Illuminating Dark Data and Managing Risk

01 Feb 2018


We are living in a new data-driven world and economy. The large, well-capitalised companies of today risk being replaced by smaller start-ups. They’re rapidly leveraging data to create new markets they can dominate and are forcing the ‘old order’ to rethink, or diminish. Uber is more valuable than most traditional car makers, but does not manufacture cars. Airbnb is reaching its first decade as an operating company but is already finding more of us holiday and business accommodation than Hilton or Hyatt. (Even though it owns no hotels.) Netflix, Apple and Amazon are threatening the old guard in Hollywood. And Spotify and iTunes are doing the same to traditional record labels. New data-driven companies are threatening the old order!

Tony Muraki-HartData is more valuable than gold or oil – how are you mining yours?

The new data world is unique, personal, live and accurate. And thanks to the reducing costs of storing and transporting it via the Cloud, it can be traded and leveraged cheaply. Another fundamental factor to the value of data, is that, unlike gold or oil, it will never run out. In this sense, it becomes increasingly valuable as organisations begin to exploit it.

The new wave of data-driven services argue Big Data will make our lives better. It will help predict our own everyday needs, a company’s needs, serving up new products or services using artificial intelligence (AI).

What is dark data and how to understand the risk level?

Data is your competitive currency. ‘Dark’ data in the context of business data describes the data elements that are undiscovered, hidden or undigested. An estimated 90% of all data in existence today was generated in the past 5 years. According to IDC and Gartner the digital universe we operate in today is expected to double in size every 12 months.

The new world entrants like Uber and Airbnb are enabling (or forcing) CIOs, business leaders and data scientists to use technology to define new ways of looking at their data. The quest is to unearth valuable business, customer and operational insights – across all industry sectors, not just consumer environments.

Traditionally, when firms think of data and analytics, they focus on structured data that exists in systems, servers and databases. Dark data analytics seeks to remove those boundaries by casting a much wider net, capturing an amount of currently untapped signals.

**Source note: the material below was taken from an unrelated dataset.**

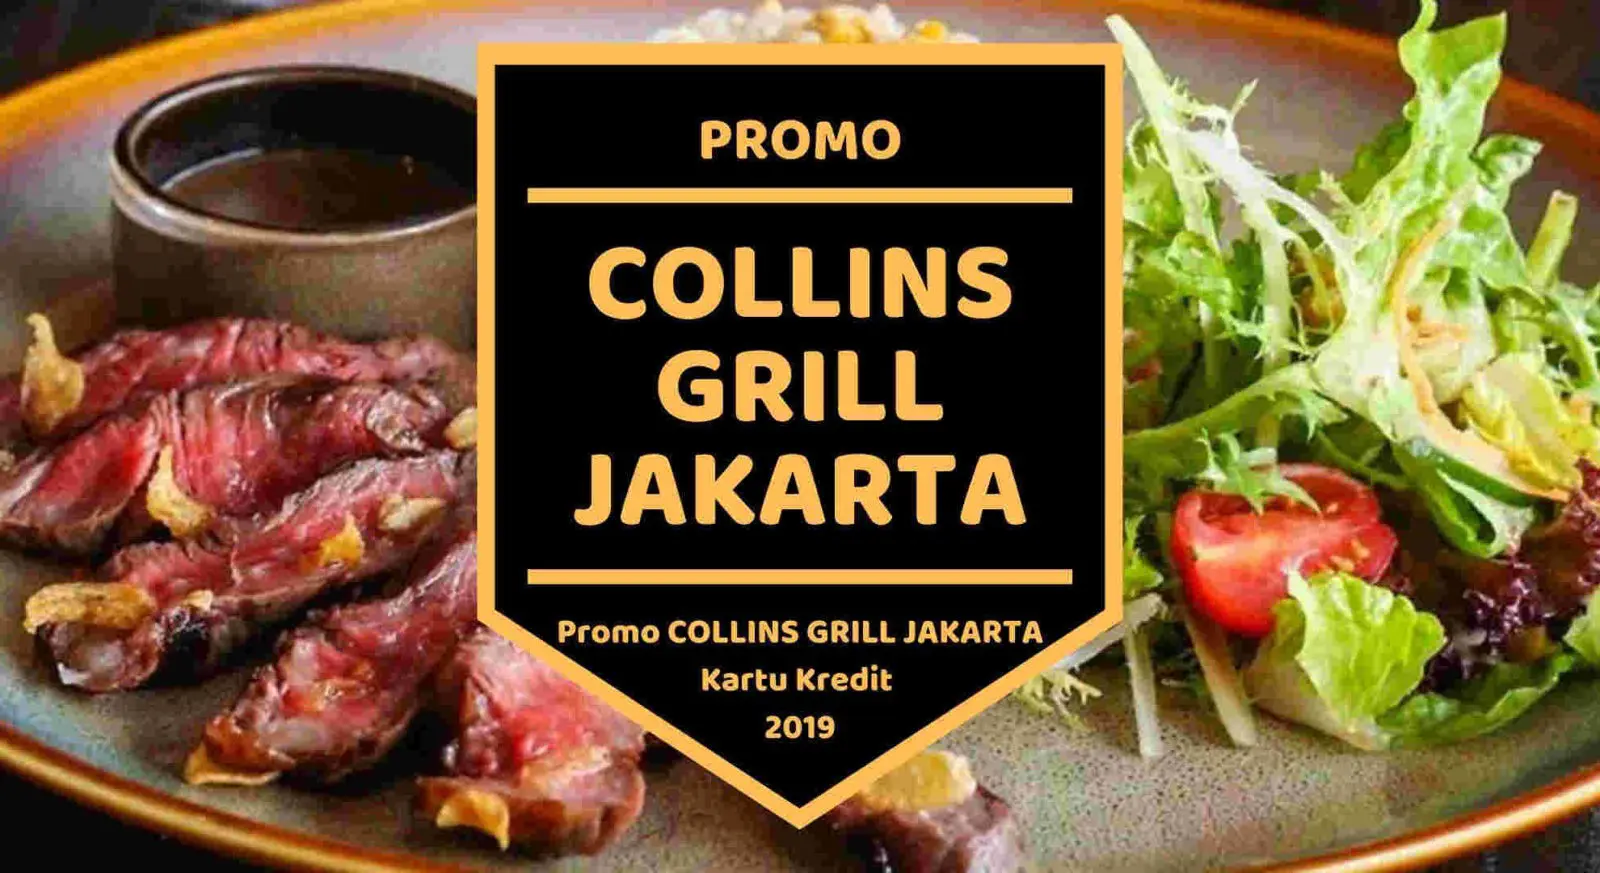 Promo Collins Grill Jakarta

3 dimensions you should focus on to illuminate your dark data world:

  1. Untapped data already in your possession – create connections between disparate data sets, whether they are structured or unstructured. For example, emails, notes, messages, documents, logs and sensor notifications;
  2. Non-traditional unstructured data – audio, video and images cannot be mined using traditional reporting and alytics techniques. However, leveraging the latest ways to apply analytics pattern recognition to audio and video feeds in real-time is opening profound new opportunities. This could have a significant impact in all sectors, whether you’re a retailer, oil gas company, hospital, or an amusement park;
  3. Extracting data in the deep web – the deep web (or dark web as Jamie Bartlett has discussed in his recent books television shows), offers what may contain the largest body of untapped information. That is, data curated by academics, consortia, government agencies, communities, and other third-party domains, as well as the illegal and friendly activities that exist on the web.

Indeed, dark data analytics efforts that are “surgically” precise in both intent and scope often deliver the greatest value. Like every analytics journey, successful efforts begin with a series of specific questions. hat problem are you solving? What would we do differently if we could solve that problem? Finally, what data sources and analytics capabilities will help us answer the first two questions?

Also, data security should never be forgotten about. This is where GDPR begins to play a key role around control and authority of data sharing. 

Understanding membership trends using an Azure Data Lake to mine Twitter

One of OCSL’s Public Sector Health clients was experiencing a decline in membership numbers. They were struggling to understand why. Was it because of NHS funding, salary reductions, increased competition from overseas staff, unsatisfactory working environments, Brexit, or something else?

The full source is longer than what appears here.